The exhibition includes work by Pio Abad, Marie Angeletti, Helen Carmel Benigson and Gabriele Beveridge and many others.

The eye-catching and unique images around the gallery show how the artists create collages through digital methods including digital printing on fabrics such as silk scarves.

It is clear that each artist draws on imagery from popular culture and some offer up new, surrealistic landscapes, fusing popular icons or images into entirely new vistas.

In an age where technology and the internet dominate everyday life, there is a feel of an avant-garde Dadaism with a touch of early pop artists.

A particular piece by Berry Patten really stood out as a work of digital art meets classic art. The piece Tributary created a sort of fine art feel that was less ‘contemporary’ than the rest of the pieces in the exhibition.

By using photographic collage, Berry explored the changing sensory understandings of the digital image and her work echoes our distorted material perspective.

This was not a piece for everyone with someone saying that ‘the colours are nauseating’ and ‘the only good thing is where it’s placed next to the one on the right because it brings out the pink more’.

But then again, art is subjective. Everyone has their own preference.

The highlight of the exhibition was the collection of some of Eduardo Paolozzi’s BUNK prints from 1972.

These iconic pieces of work started as tear sheets from magazines and were made during his time in Paris after World War Two.

For anyone interested in concepts on futurist visions from the past then Paolozzi’s work is something to see.

Featuring images including scientific advancements, planes, motorcars and ammunition merged with food, art and seductive human forms that foreshadow the fusion of technology and life.

The fact that they are still in pristine condition and are still inspiring artists in today’s society is one reason to get down and see this exhibition.

According to the curator, Isobel Harbison, Paolozzi’s BUNK prints were not created in the traditional sense but instead were made of printed pieces collaged together.

By doing so, Paolozzi maintained the jagged lines and adhesive markings of the originals.

The other artists in the exhibition fuse foreign bodies in a new, alternative or synthetic landscape that creates a contemporary counterpoint to Paolozzi’s iconic work.

For any fans of collage artists will enjoy this exhibition.

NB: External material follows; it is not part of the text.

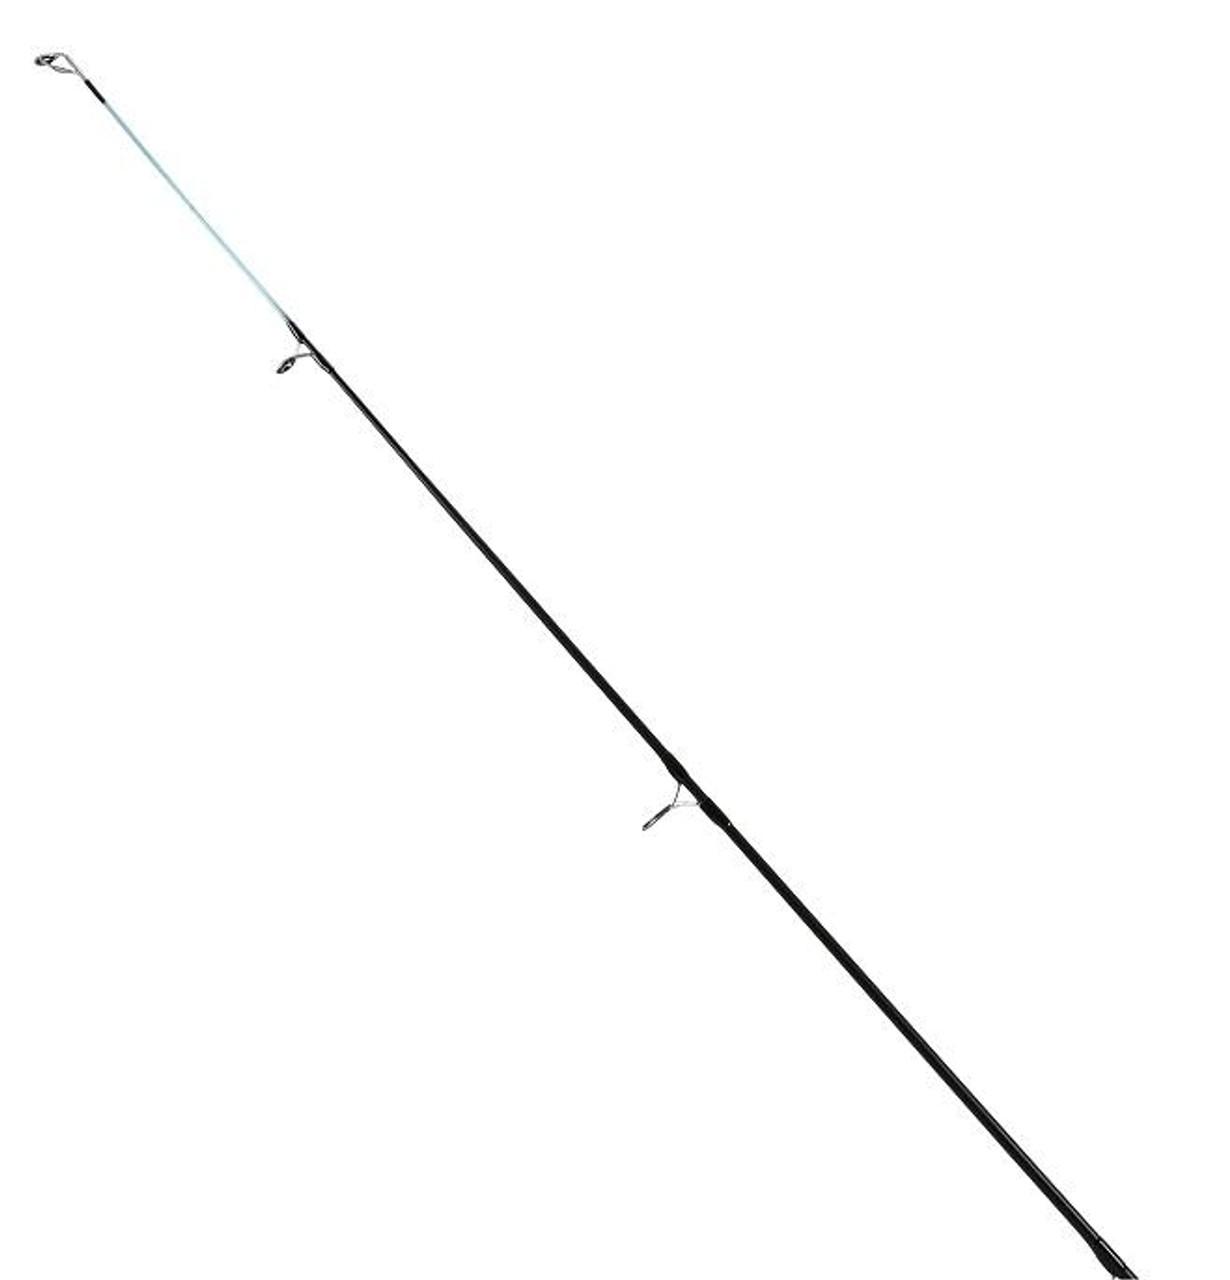 Okuma Tundra Pro Surf Spinning Rods TXP-S 10' To 15' CHOOSE YOUR MODEL!

There is an outstanding collection of work in the exhibition that is worth a visit.

There is no doubt that this exhibition is not for everyone but there is a handout explaining how the images were created and the meanings behind them.

However, I would advise that you see the art with your own eyes first before reading this as you get to interpret the images yourself.

That’s what art is all about after all. It’s a truly subjective form of media.

This exhibition is worth the visit down to Crescent Arts and will be held there until June 21.